One day in the middle of June, heavy rains drenched Albuquerque while lightning lit up the barren mesa outlying the city. It was the rainiest June 16 on record for the New Mexico city, with almost an inch measured over the course of the day. But the precipitation didn’t do much to ease the region’s longstanding drought or recharge the dwindling flow of the once-mighty Rio Grande River.
Right now 90 percent of New Mexico is considered to be in severe to exceptional drought. Conditions are symptomatic of a growing — and troubling — trend of drying in the Southwest, where average annual temperatures have ticked upward by two degrees. The region has become increasingly prone to wildfire, and water is strictly managed, making farming everything from the state’s iconic green chile to southern New Mexico’s pistachios riskier than ever.
The effects of these changes on the climate are on full display in the Rio Grande, one of the largest and most heavily managed rivers in the United States, which spans 1,900 miles through largely arid and desert lands. This year the river is already dry along a 20-mile stretch south of Albuquerque. While the river has run dry for even 90-mile expanses in the past, what’s exceptional about current conditions is just how early the drying is happening — beginning in the first week of April instead of the typical mid-June. By summer’s end this year, 120 miles are expected run dry, exposing the sandy underbelly of the iconic, once-thriving watercourse.
This water shortage, experts say, has implications not just for humans but also for species of flora and fauna that depend upon the Rio Grande.
For one species, an increasingly dry riverbed could threaten its very existence.
The Rio Grande silvery minnow (Hybognathus amarus) has the distinction of being one of the most endangered species in the country. The small, short-lived fish began its decline in the 1960s following the advent of significant damming of the river. The population continued to suffer as the result of the introduction of non-native fish species, warming river temperatures and decreased annual precipitation. In addition to dams, the river’s ecosystem has been altered significantly over the past 100 years, and the strong flows that spur spawning and shallow eddies that support the silvery minnow during the rest of its life cycle have all but disappeared.
The consequences of drought for the species can be grave given their already abbreviated lifespans.
“Most silvery minnow die before age two,” explains Thomas Archdeacon, a fish biologist with the U.S. Fish and Wildlife Service who works on restoration and rescue efforts for the species. “The bulk of the population is usually made up of the youngest fish at any given time, so if you have a year of failed reproduction, the minnow can quickly go from the most common fish in the river to one of the least common.”
For the silvery minnow, sustained drought makes survival — let alone procreating — more difficult. “In a year like 2018,” Archdeacon says, “not only are the fish stressed early in the year, the adults are dying before spawning.” He points out that even in the reaches of the river that haven’t dried, water temperatures are climbing and flows are steadily dwindling, impacting the health of the fish and the likelihood that they will reproduce.
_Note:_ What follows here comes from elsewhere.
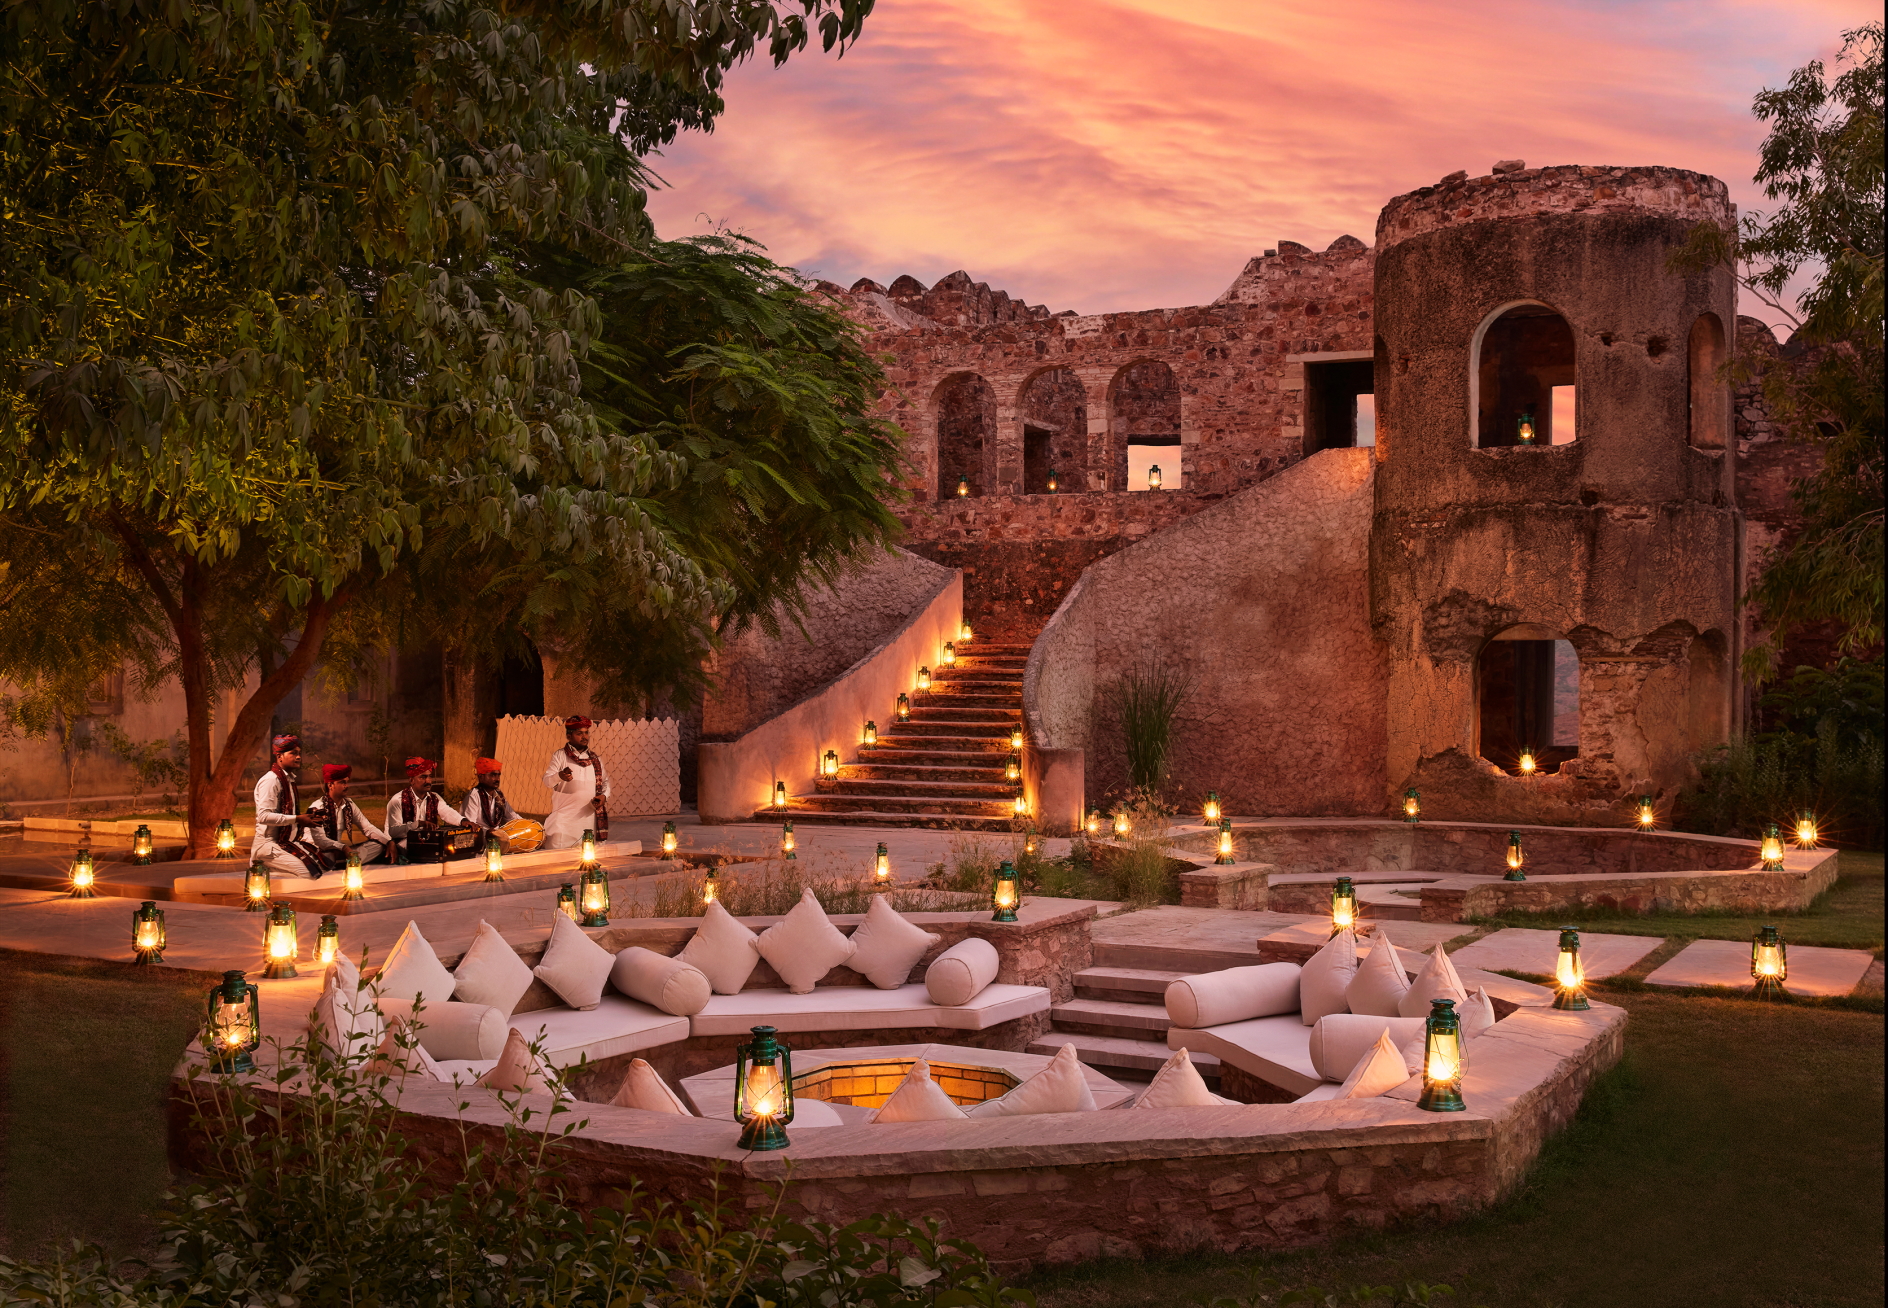 Originally owned by a Rajasthani Royal Family, the Six Senses Fort Barwara incorporates two original palaces and two temples within the walled fort. Click to enlarge.

This follows trends seen in previous years. The success of fish’s population hinges largely on the spring hydrograph. “When there is poor snowpack,” Archdeacon says, “there is generally a year of failed reproduction.”
And so, in years like this, crews led by the New Mexico Fish and Wildlife Conservation Office muddy their shoes in the river, recovering stranded fish from pockets that have experienced severe drying and transferring them to more reliably full parts of the river. This year the first silvery minnows were rescued on April 2, the earliest recorded date that salvaging has taken place in the past 19 years.
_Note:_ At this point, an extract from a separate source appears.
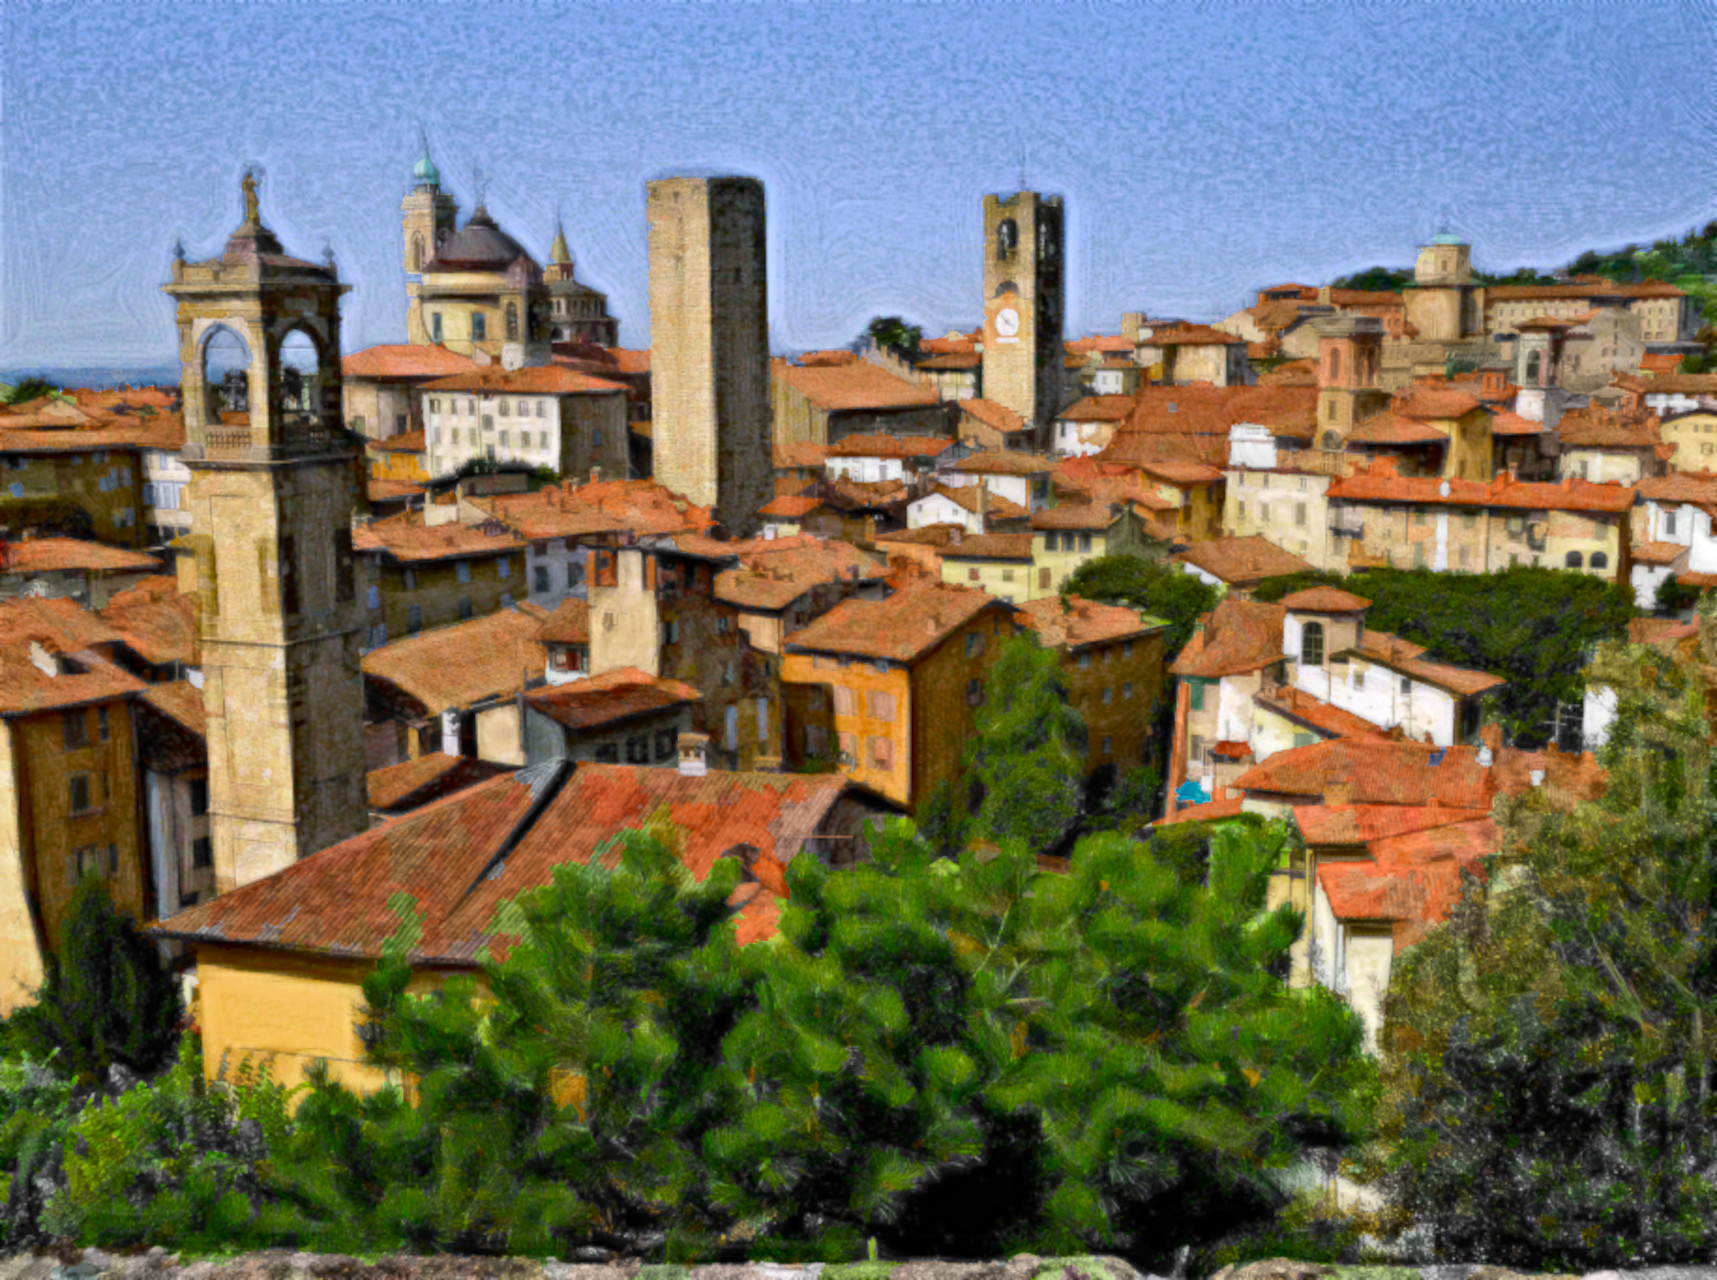 2022-04-11 16-56-03bergamo_by_sergiba_d77swu3-fullview Paint  with Couleurs Rayees 2 (Effect Look fine).jpeg

Unfortunately, preliminary evidence suggests that many of the fish trapped, then released in areas of the river with perennial flow do not survive.
The office also heads up another important effort: the release of hatchery fish to boost the wild population. Each year thousands of captive-hatched fish are returned to the river, with well over a million having been released since the program started. “The number released each year scales with how good or poor the fish’s natural reproduction was,” Archdeacon explains. So once the river recovers in late fall — typically November — a large but as-yet undetermined number of hatchery fish will likely be released.
“Both these management options are reactive and not proactive,” Archdeacon says, meaning they’re more of a Band-Aid than a solution. And even though more than $150 million has been spent on such efforts since the fish was placed on the endangered species list in 1994, it’s hard to say at this point if the conservation budget for the fish will keep up with emerging climate-related threats. Archdeacon declined to comment on any future budgets for the silvery minnow.
What is certain, Archdeacon says, is that “it’s hard to get away from the reactive, labor-intensive management of the species if spring runoff continues to be poor.” In this increasingly warm part of the country, the outlook for the river — and the fish and other species that depend on it — isn’t too promising.
Broad, intensive efforts over the past two decades prevented the silvery minnow from becoming even more endangered, but as Archdeacon looks to the future he has a dire prediction for next year and beyond. “If there is a poor year again in 2019,” he says, “the clock will have reset and all progress erased.”